Employee Raoul Gravell recently received a call from a Fios customer whose Internet service was down after a power outage. Gravell rebooted the system through a few mouse clicks and key strokes.
Yet when a customer called from her daughter's cellphone to get her landline phone repaired, Gravell wasn't able to see a quick fix on his computer.
When he said he would have to transfer her to schedule a repair person, she pleaded: "Please, please don't go anywhere!" frustrated by a month of service problems.
Although she was a phone service customer, Verizon sees such subscribers as ones it hopes to grow into lifelong customers of other services.
"It's infinitely easier to grow relationships with customers we already have, so we want to make sure to care for them," Maguire said.
He has created a tiered system to handle the complexity of complaints.
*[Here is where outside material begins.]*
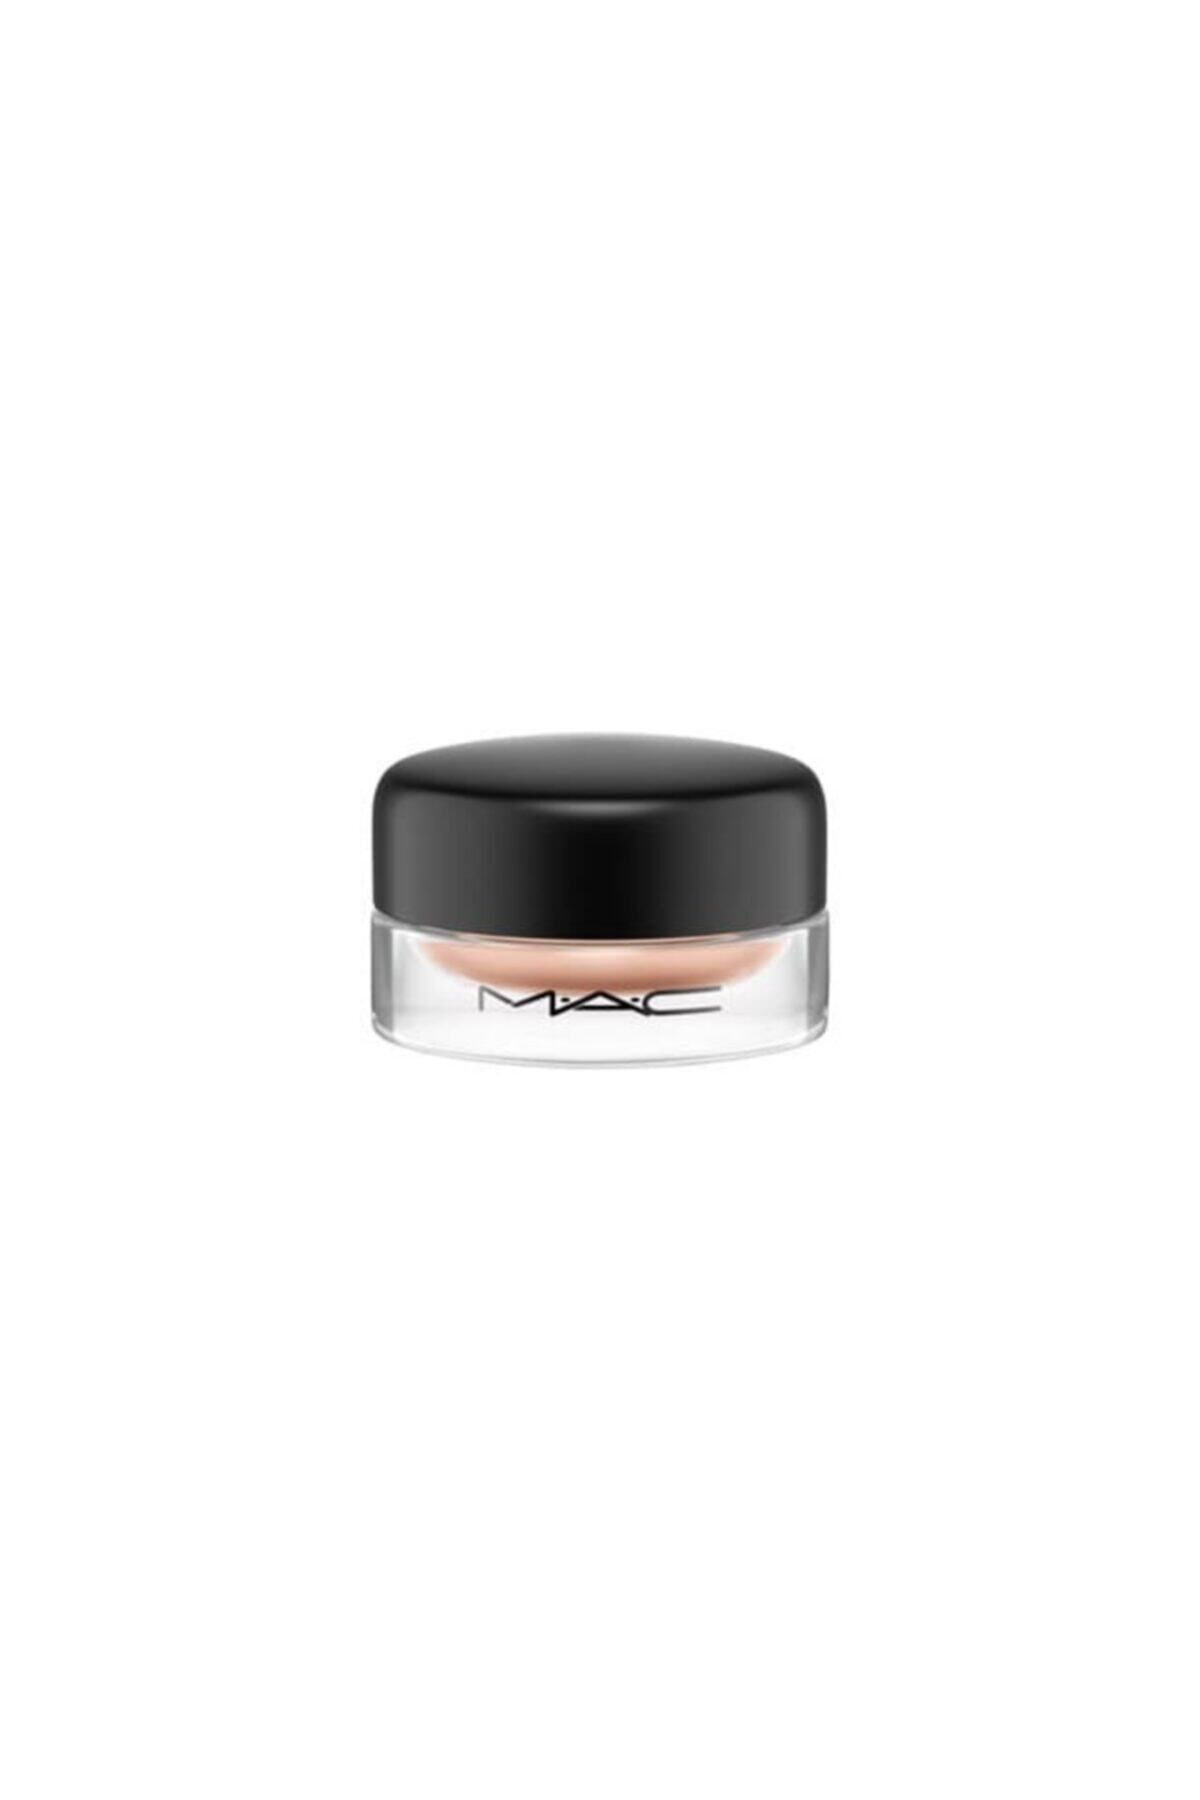 Mac Paint Pot - Painterly Cream Eyeshadow & Eyeshadow Base 5 gr DEMBA569
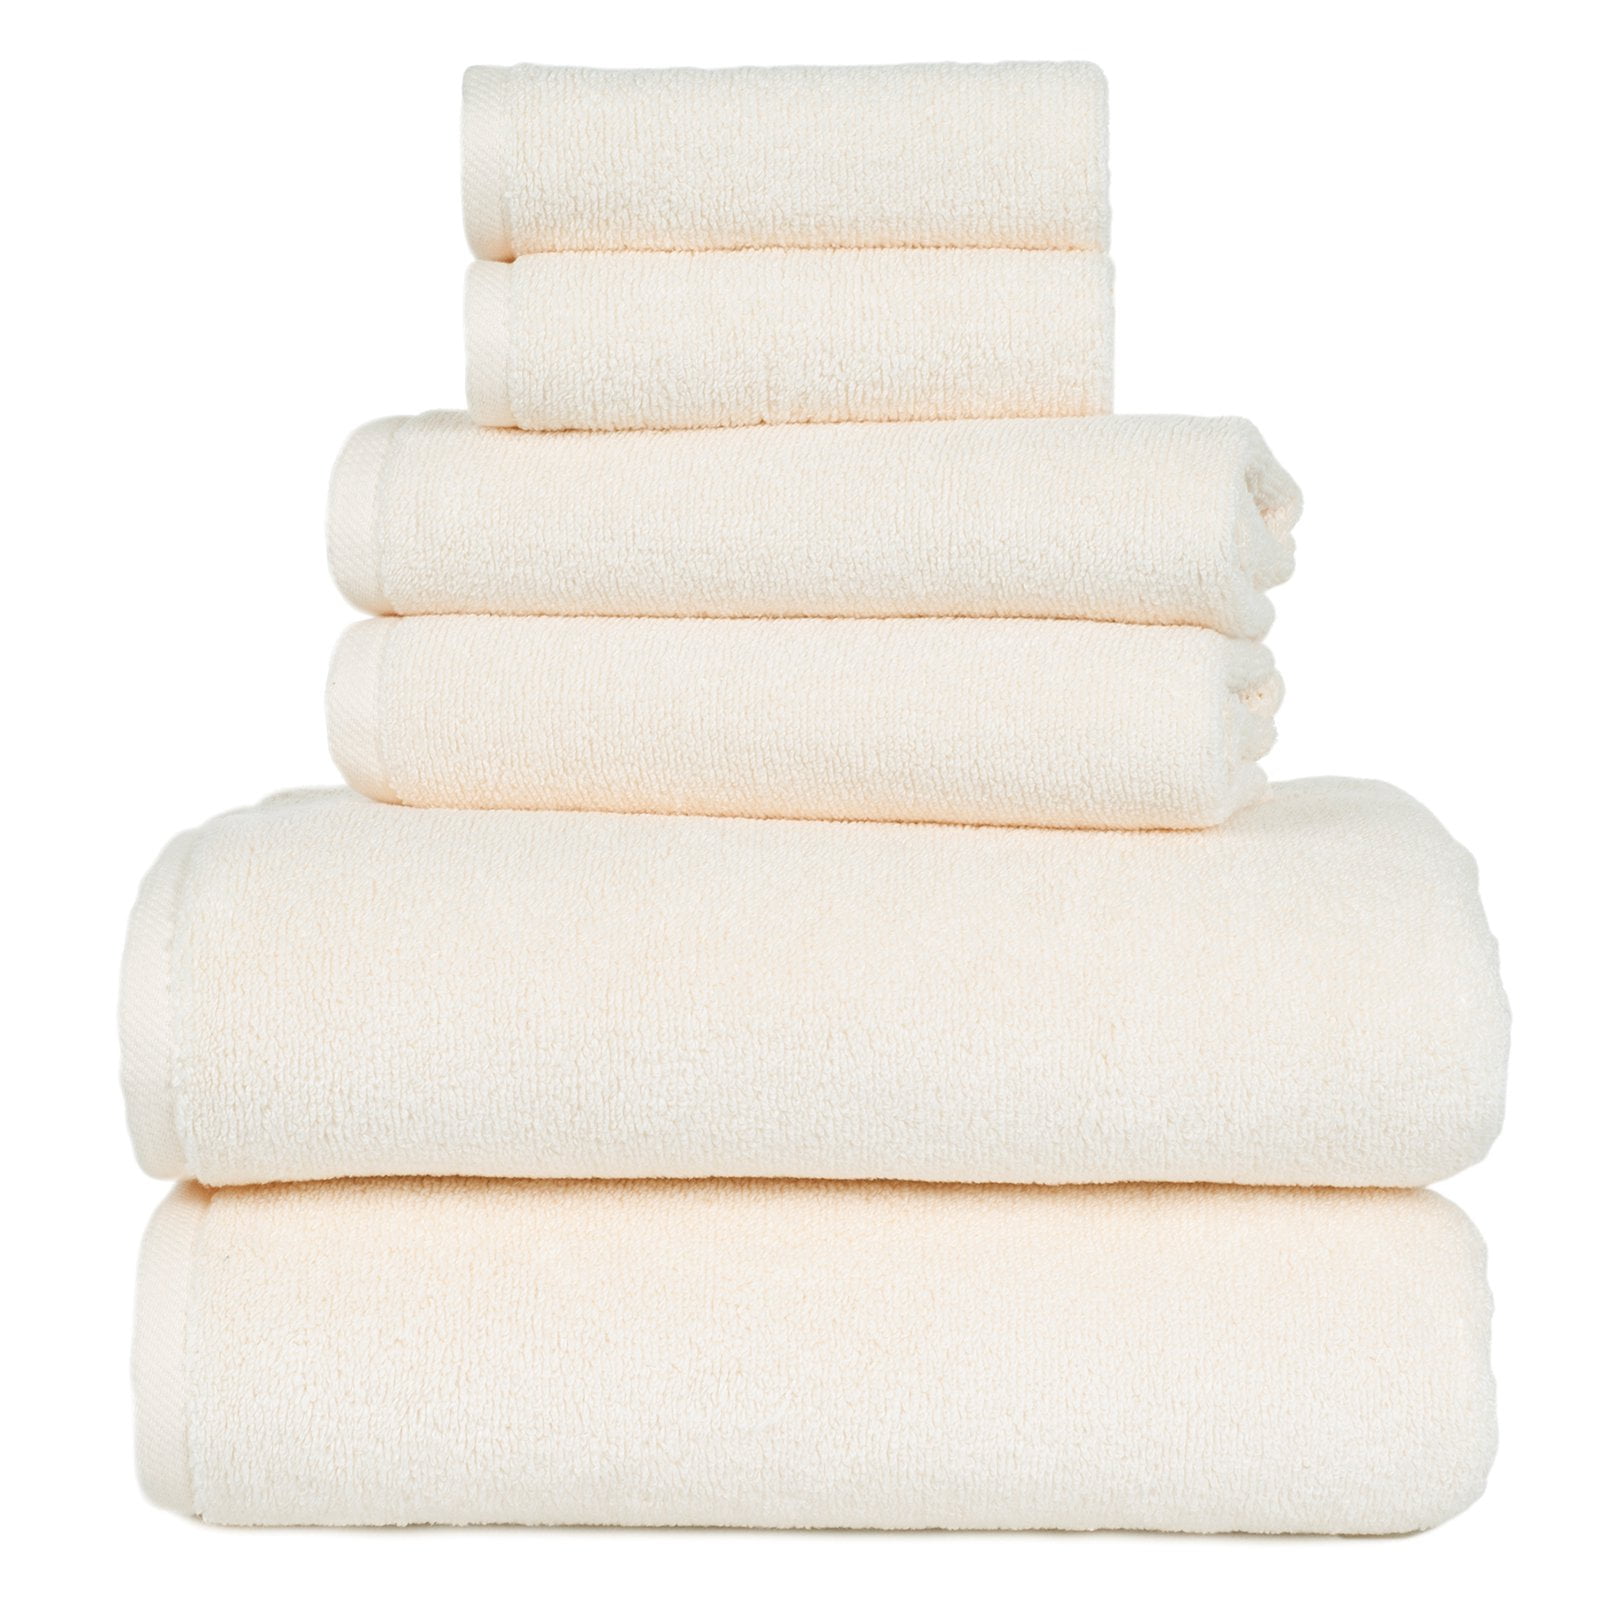 Pair of 100% Cotton Ochre Jumbo Bath Sheets RRP £32.49

At its most basic level, call centers around the nation act like medical triage to handle routine service issues and minor problems. Complaints from "triple play" customers, who have Fios television, Internet and phone services, are sent to a special team of "personal account" handlers in Florida. The angriest customers and those who send e-mails and letters directly executives are handled by the "escalation team."
"What you don't want them to do," he said, "is leave or write up a blog or something."